Sunday, May 11, 2014

Food Addiction

There is no doubt that, for some of us, food addiction is real, but perhaps not for all. Do you get a buzz of honey? Not intended as a pun, it is the quick test. A teaspoons of honey in tea times two or three. Do you feel the buzz? If no, you are not an addict. Go away, you will never believe what I am about to say. If you feel the buzz, and like it, you are or will become a food addict. It is to that pleasant warm feeling that we become addicted to. We overeat, trying to stay in that buzz. That is the animal reaction, wanting more of the good stuff we like.

But how can honey be addicting. Well it is not, but fructose is. Warm hot drinks are quickly absorbed source of free fructose, warm is faster absorbed than cold. Fructose, absorbed in the mouth, gullet, esophagus, and upper stomach does not pass into the portal vein, but rather directly into the blood stream. Fructose blood concentrations go from nano-grams per liter to 100's nano-grams per liter, and the brain gets a buzz. Fructose crosses the blood brain membrane without an issue.

Now for the second punch, glucose drives up insulin, especially in the insulin resistant, (obese person) and insulin is a sedative, it makes us lay back a bit. This is also part of the glucose addiction side of the equation.

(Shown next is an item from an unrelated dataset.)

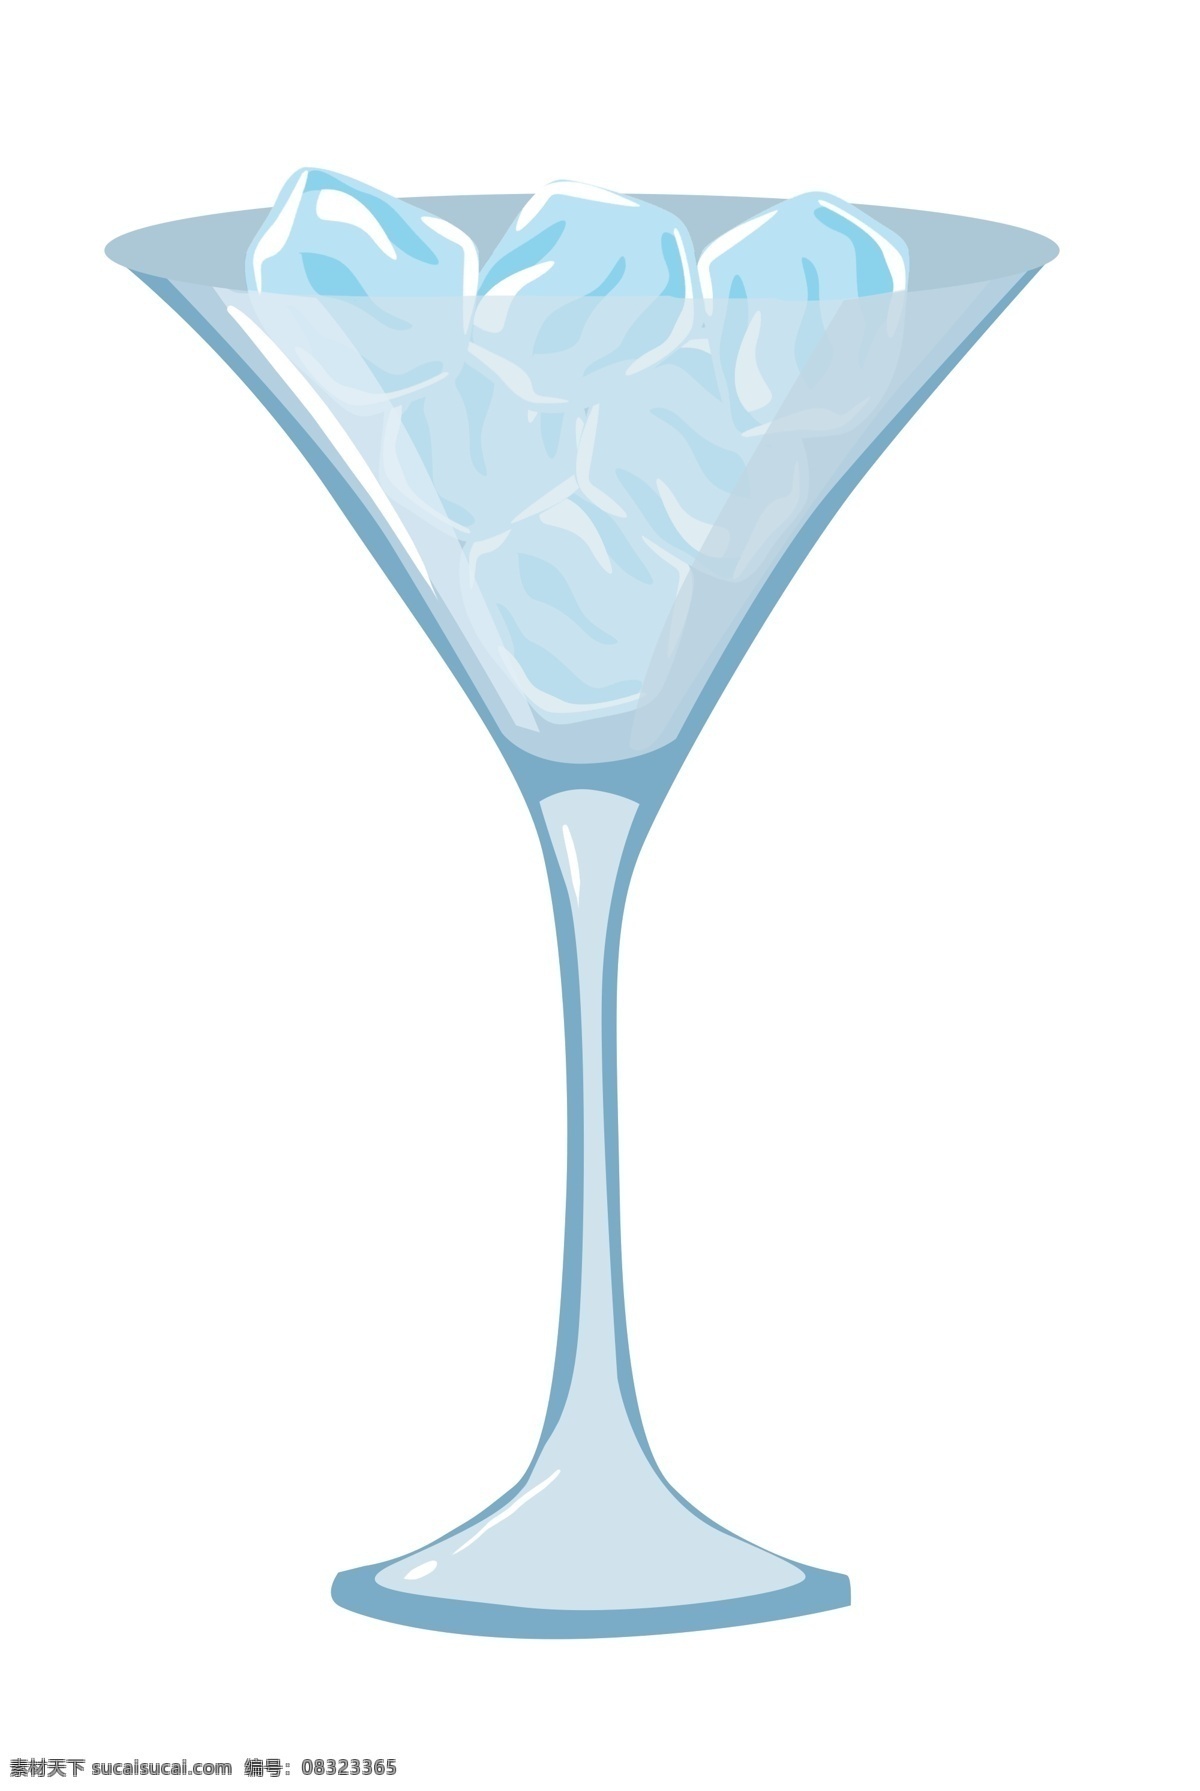 一杯透明冰块 冰块 冷饮 杯子
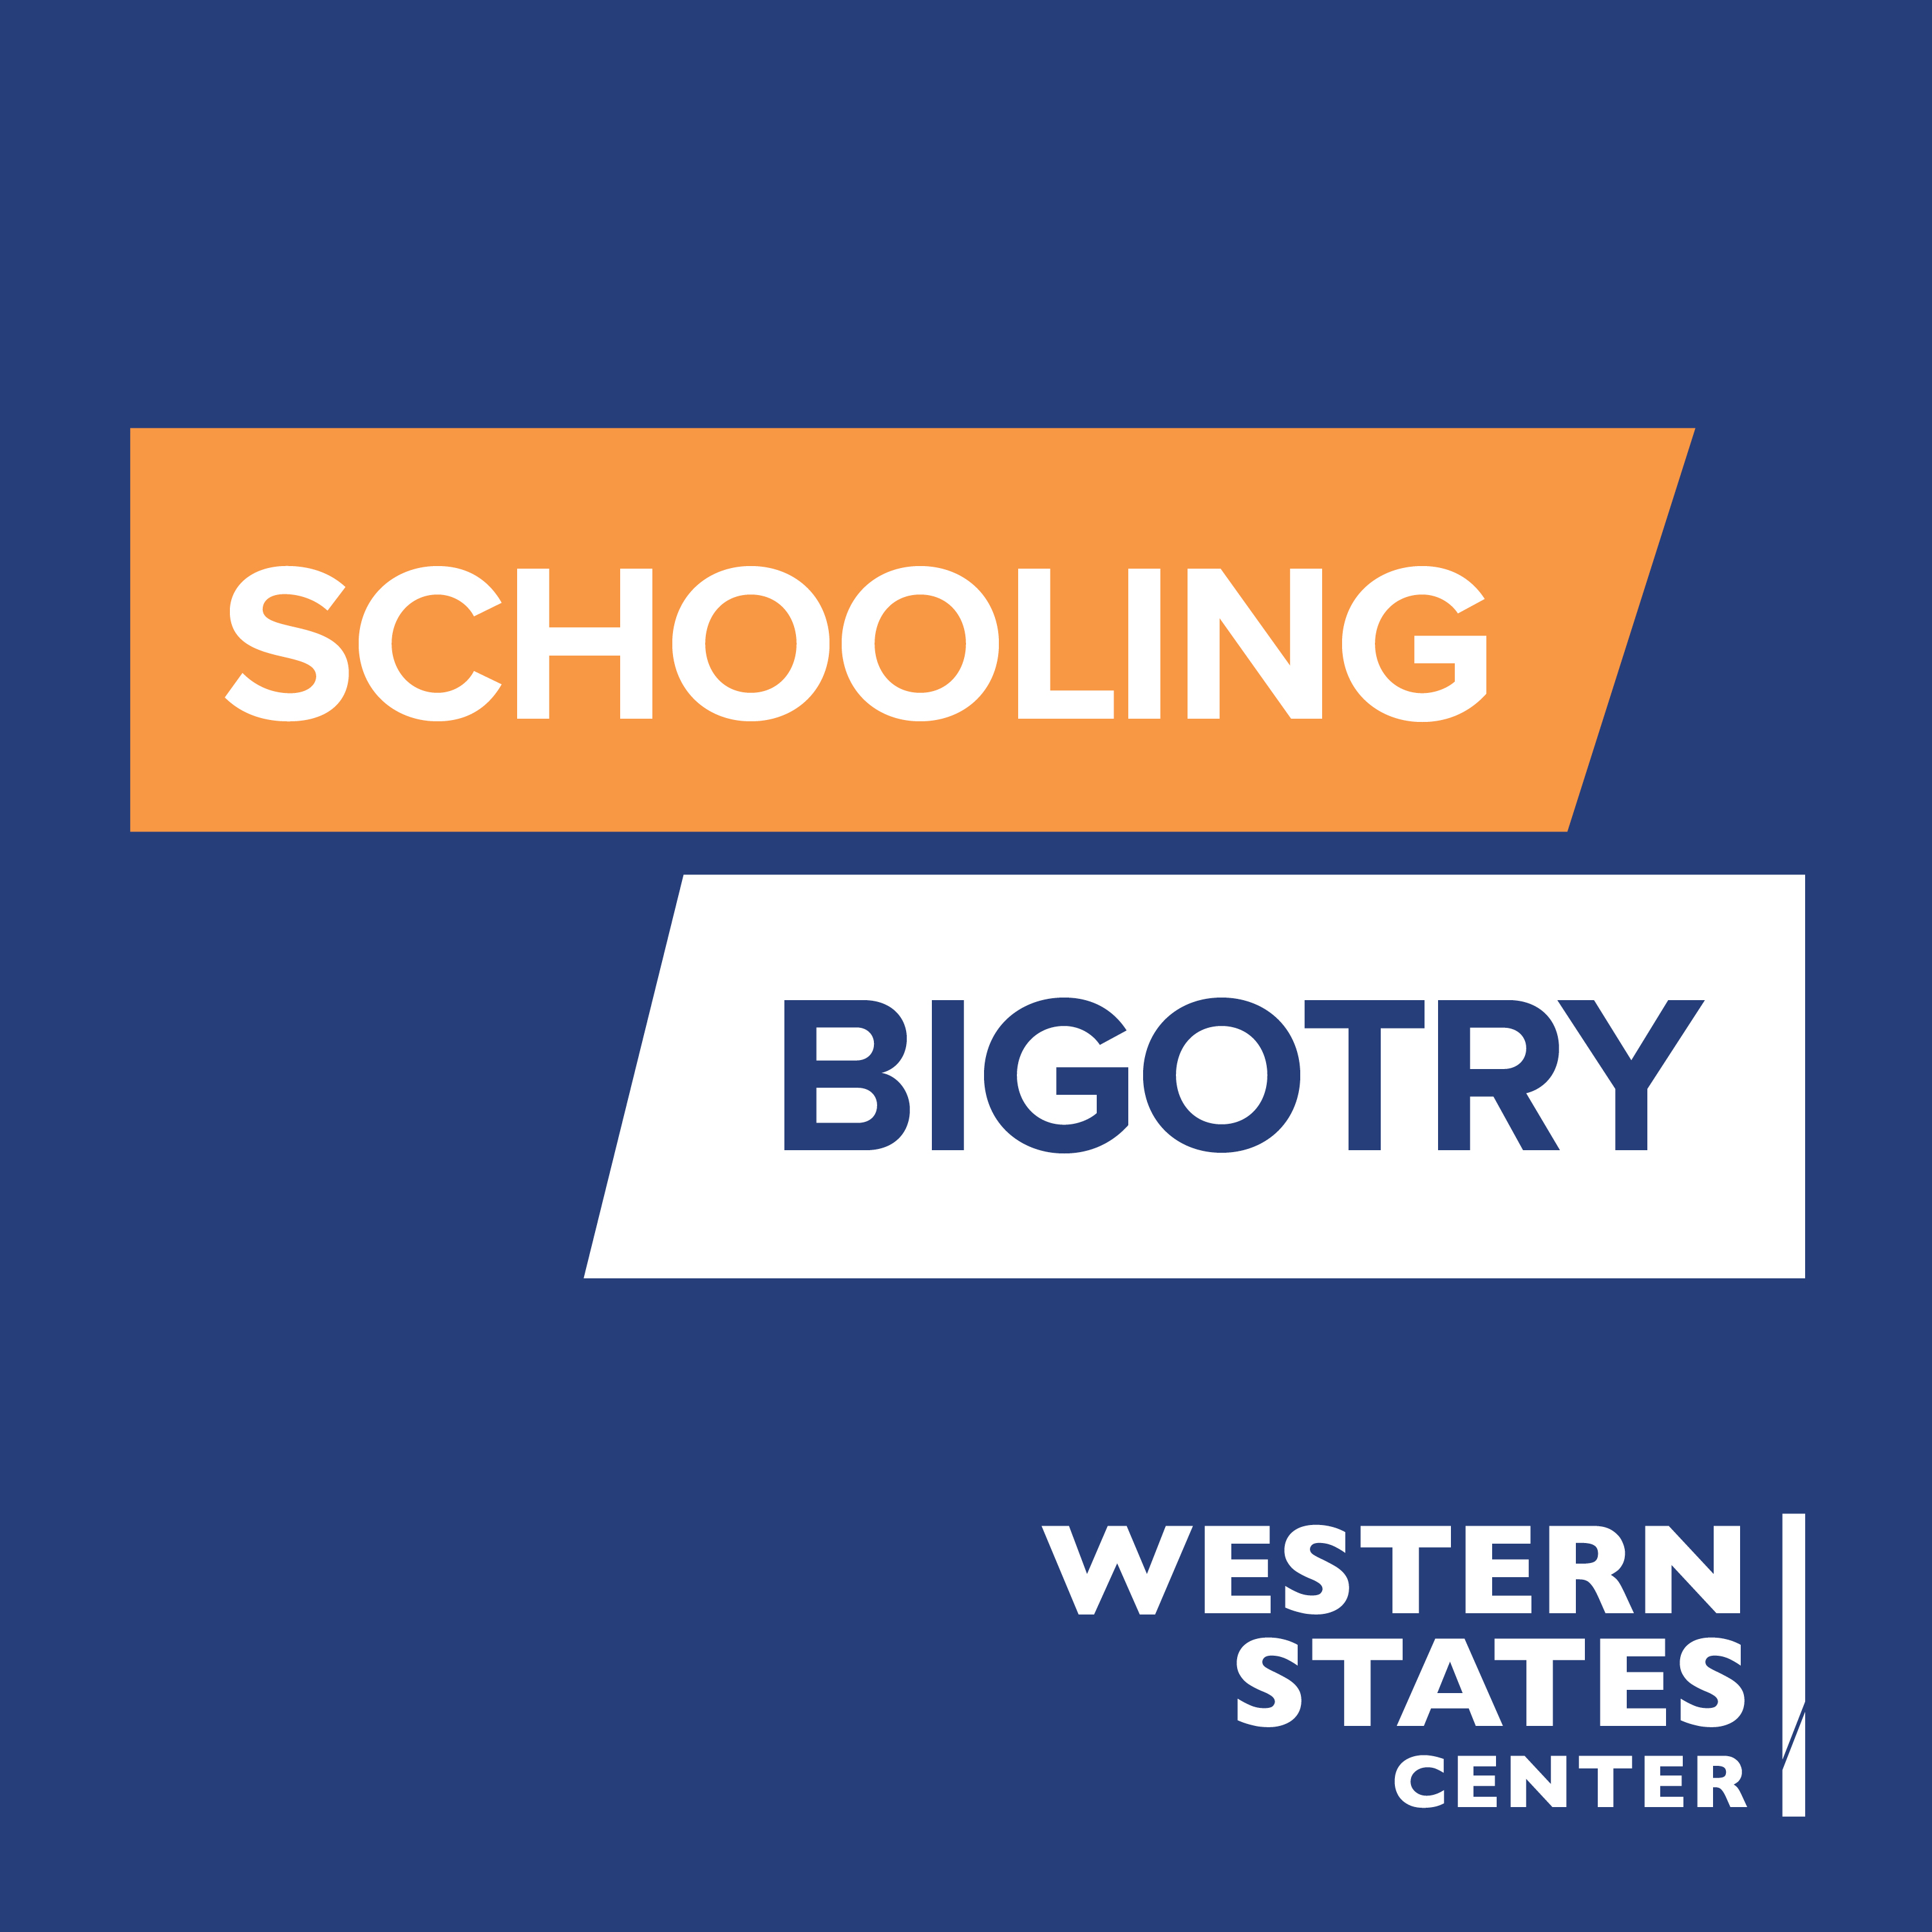 Artwork for Schooling Bigotry

Now for the third punch, we were often given sugar as a distraction when we were small, resulting in a emotional or habitual component to addiction. Sugar and food, eating, consuming, snacking... became a maladaptive behavior, pushed by adults, and addicting us when we were small. Now sugar is everywhere.

Now how do we get out of the addiction - craving cycle? No fructose, very little glucose, and deal with all those emotions through Stoicism, CBT, or other method.

The hard part is avoiding fructose, and glucose with drug dealers everywhere using, pushing, and in denial of the problem.

We have the power of choice. Use it wisely.      

1 comment :

  1. It might be relevant that carbohydrate, and sugar, more than glucose, increases transport of tryptophan into the central nervous system, tryptophan being the precursor of serotonin.
    I presume what happens is a sort of dependence on elevated serotonin, and on sugar as the means of keeping it up; but tryptophan is also more toxic than other amino acids (unusually hard to metabolise with many active byproducts on the way).

    Some people use 5-HTP supplements to reduce cravings. Using this means you don't need sugar to get the serotonin fix.
    Personally I found chromium supps very helpful. But these are all short-term solutions that at best give you a window of opportunity to change other things; used for too long they are bound to stop working.